Managers hold power. They have the ability to control and regulate the daily life of an employee. Their administrative mandate to observe, review, and divvy out work implicitly gives them the ability to determine how and when an employee works. Furthermore, the human condition subconsciously leads us to believe that those with such authoritative responsibility should be trusted more than those without.

This leads to a power dynamic. Every employee knows that their boss could make their life miserable. Furthermore, every employee knows that in the event of a dispute, the company is likely to take the side of the boss. This is especially true in workplaces where management consists of a very non-diverse group of people. 

This power dynamic is the fundamental reason why confidence is so often viewed as competence. In a recent podcast, with Dr Tomas Chamorro-Premuzic, Professor of Business Psychology at Columbia University & UCL, we explored the notion that a fundamental problem with the nature of work today is promotions. Instead of promoting the person who is going to best lead the team, the person with the most confidence gets promoted. To listen to the rest of the podcast, visit Forging the Employee Experience. To connect with Dr Chamorro-Premuzic visit him on LinkedIn or visit his website.

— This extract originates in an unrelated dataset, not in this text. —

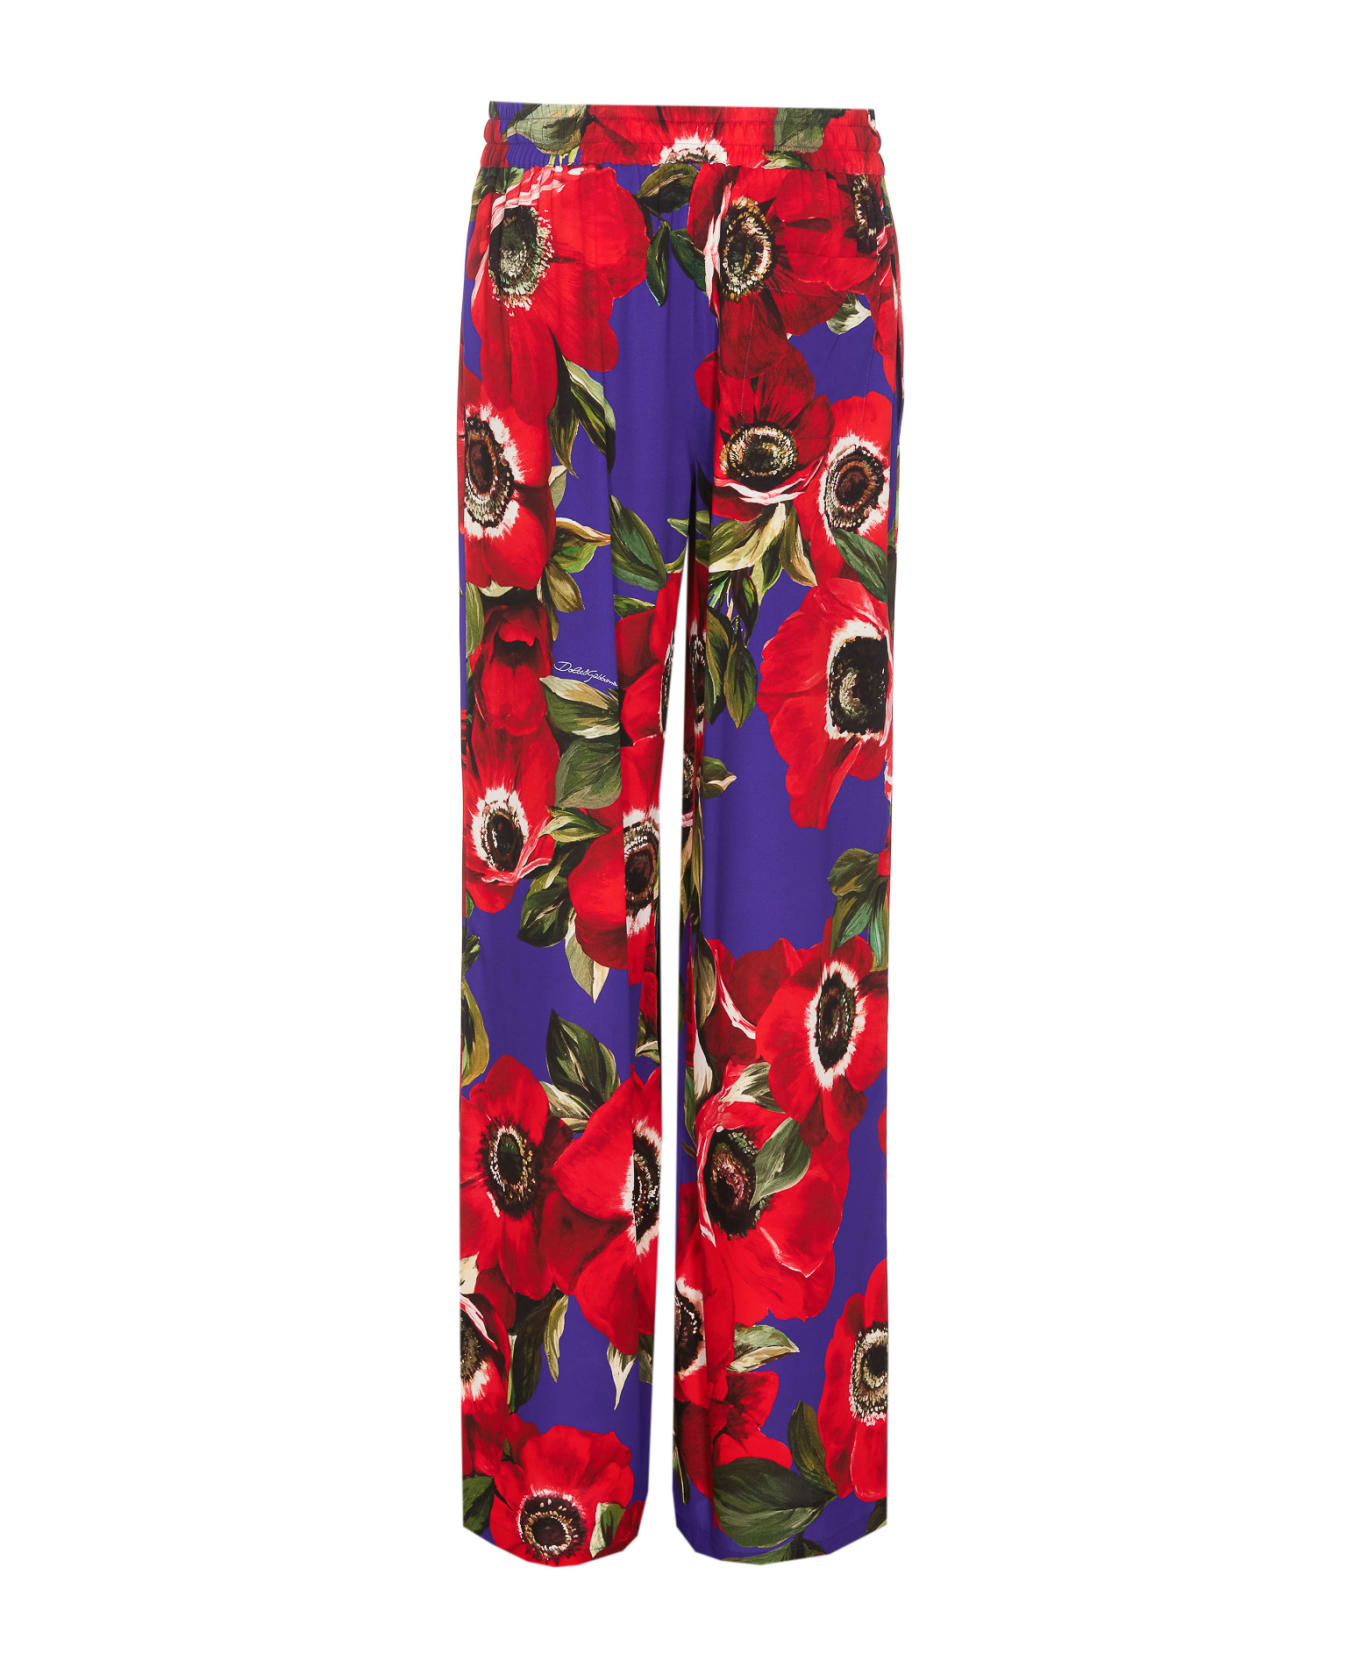 Dolce & Gabbana Printed Silk Pants - red

This practice is a recipe for poor employee experience. When people work for bosses they don’t like, they start working just for the paycheck. No one should have to work just because they want the paycheck. Everyone should be able to work in a place where they can feel like they are contributing meaningfully to the work being done. 

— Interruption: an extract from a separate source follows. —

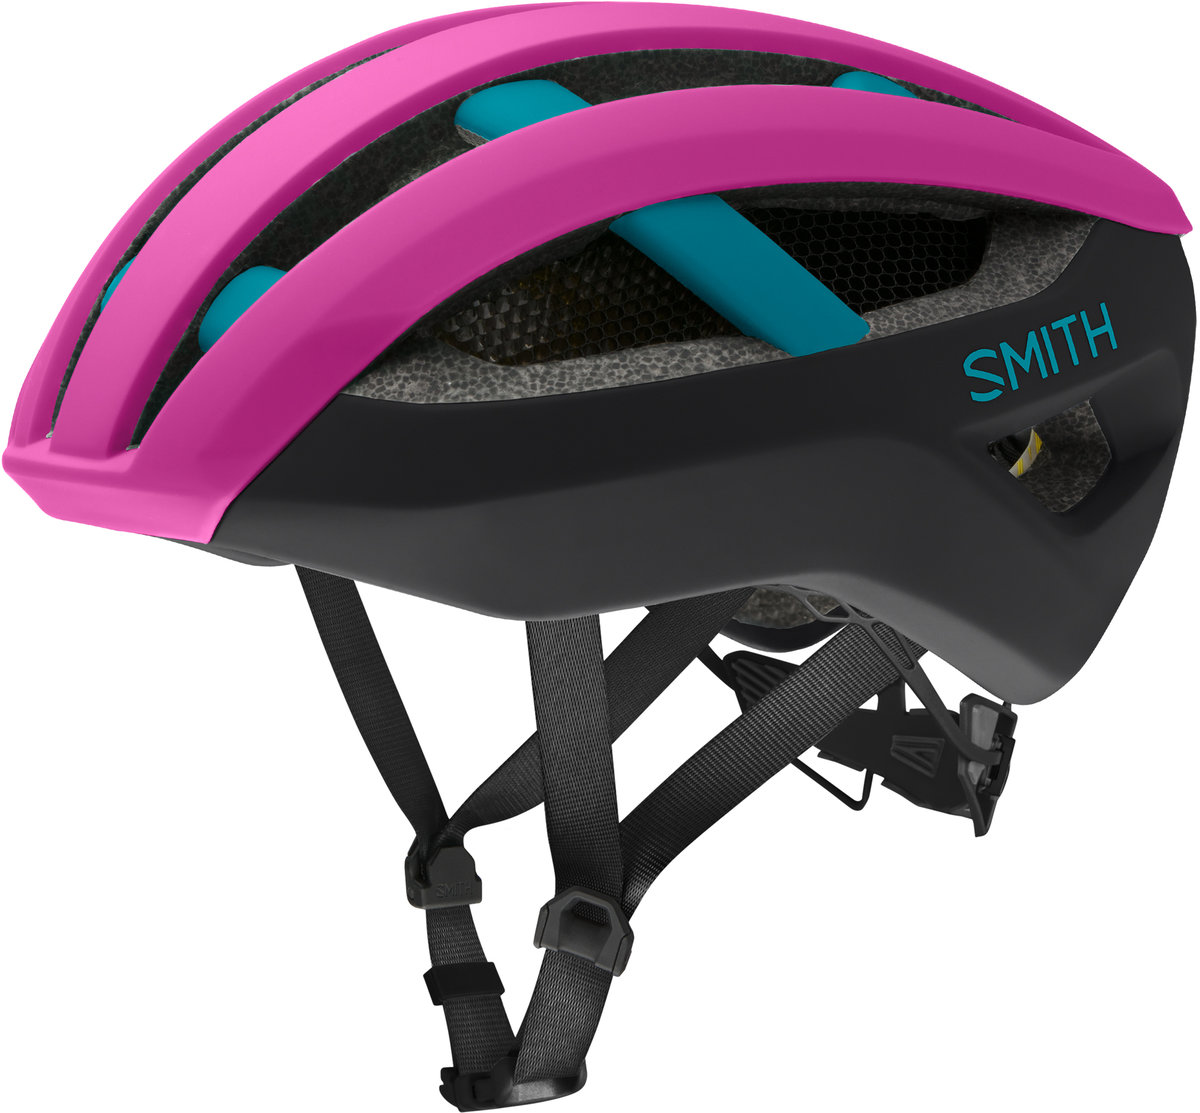 Smith Optics Network MIPS - Conte's Bike Shop | Since 1957

When we prioritize confidence over competence, we undermine the integrity of the work ecosystem by telling our employees that their performance is less important than their personality … which, by the way, wasn’t good enough to get them that promotion.

Entry- and mid-level managers have the absolute greatest influence on an organization’s culture and each employee’s experience at work. The system is set up for failure if the wrong people get promoted into positions of authority. Instead, we need to ensure that competence and leadership are the prevailing characteristics of the next wave of managers.